_Task inputs_.
──────

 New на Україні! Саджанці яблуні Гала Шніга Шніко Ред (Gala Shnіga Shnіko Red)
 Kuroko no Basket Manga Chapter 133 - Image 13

──────

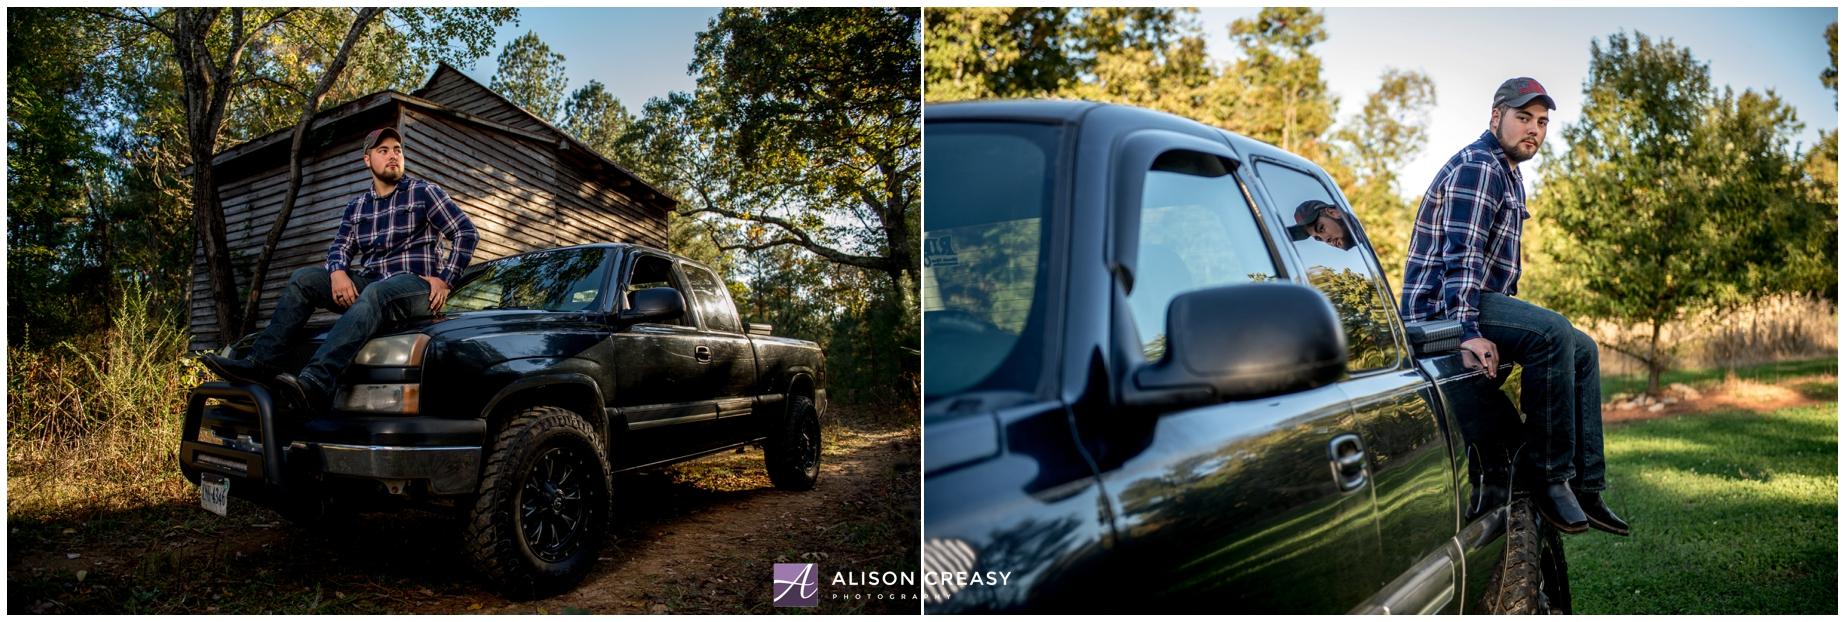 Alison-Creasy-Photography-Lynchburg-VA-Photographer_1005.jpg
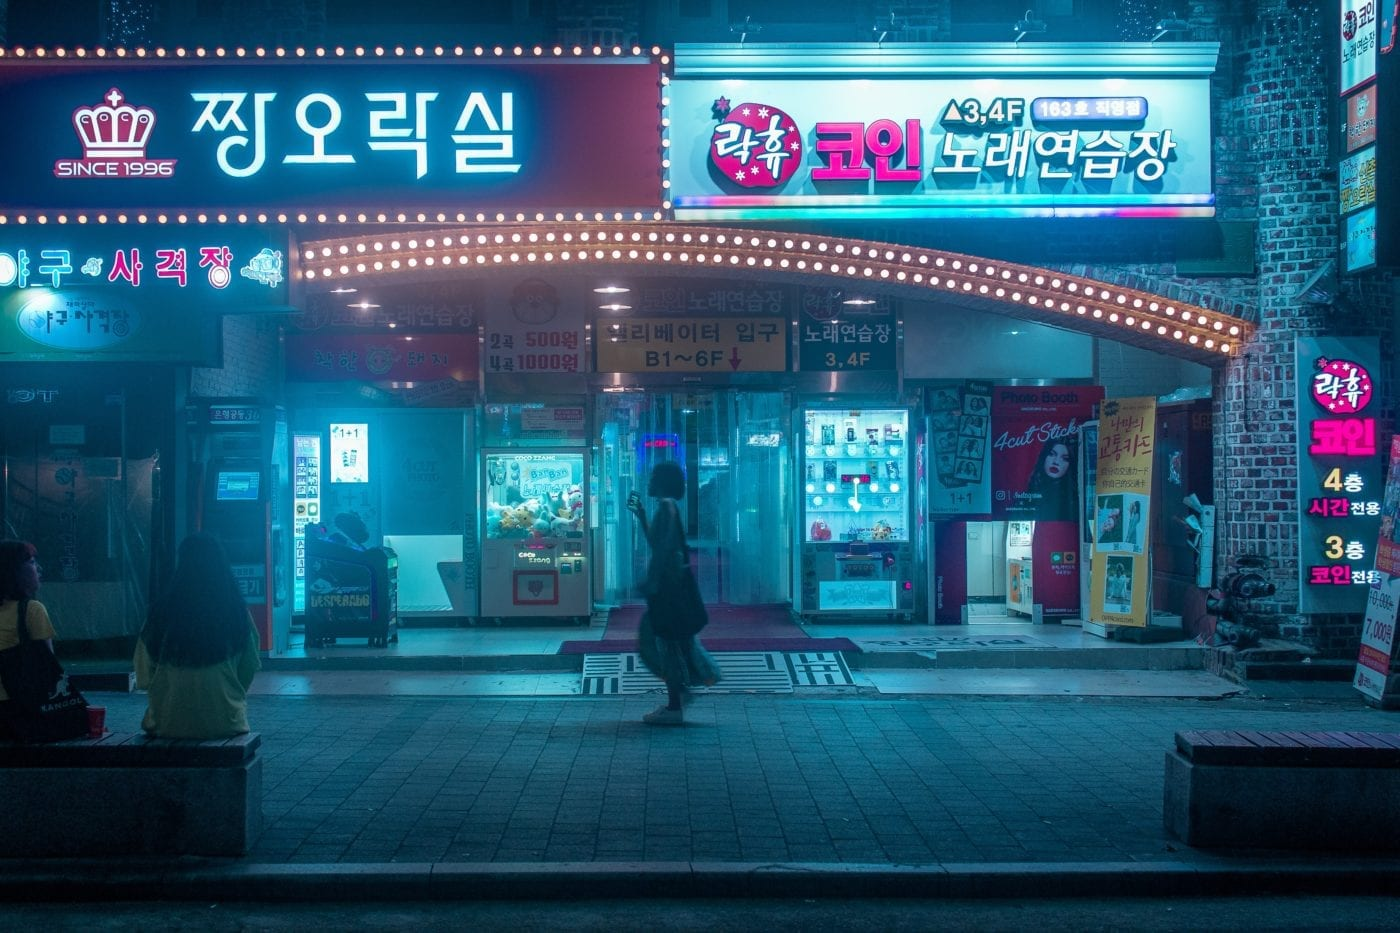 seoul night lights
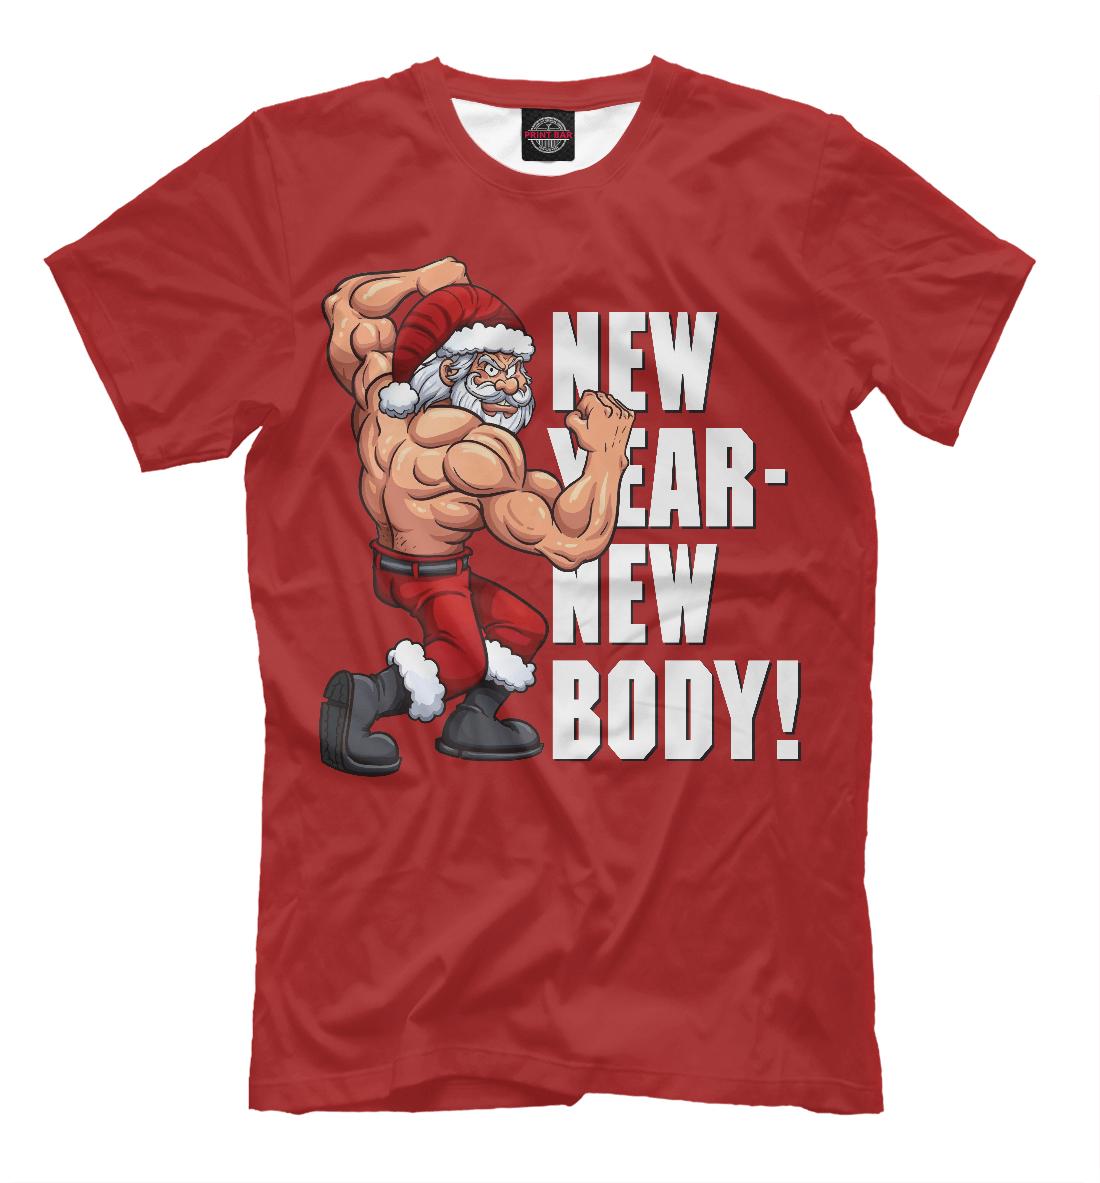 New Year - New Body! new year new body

──────

_Exercise aim_. Starting at the line containing "seoul night lights" and stopping at the line containing "New Year - New Body! new year new body", output every line above exactly, both ends included, with pictures omitted.

_Worked solution_.
 seoul night lights
 New Year - New Body! new year new body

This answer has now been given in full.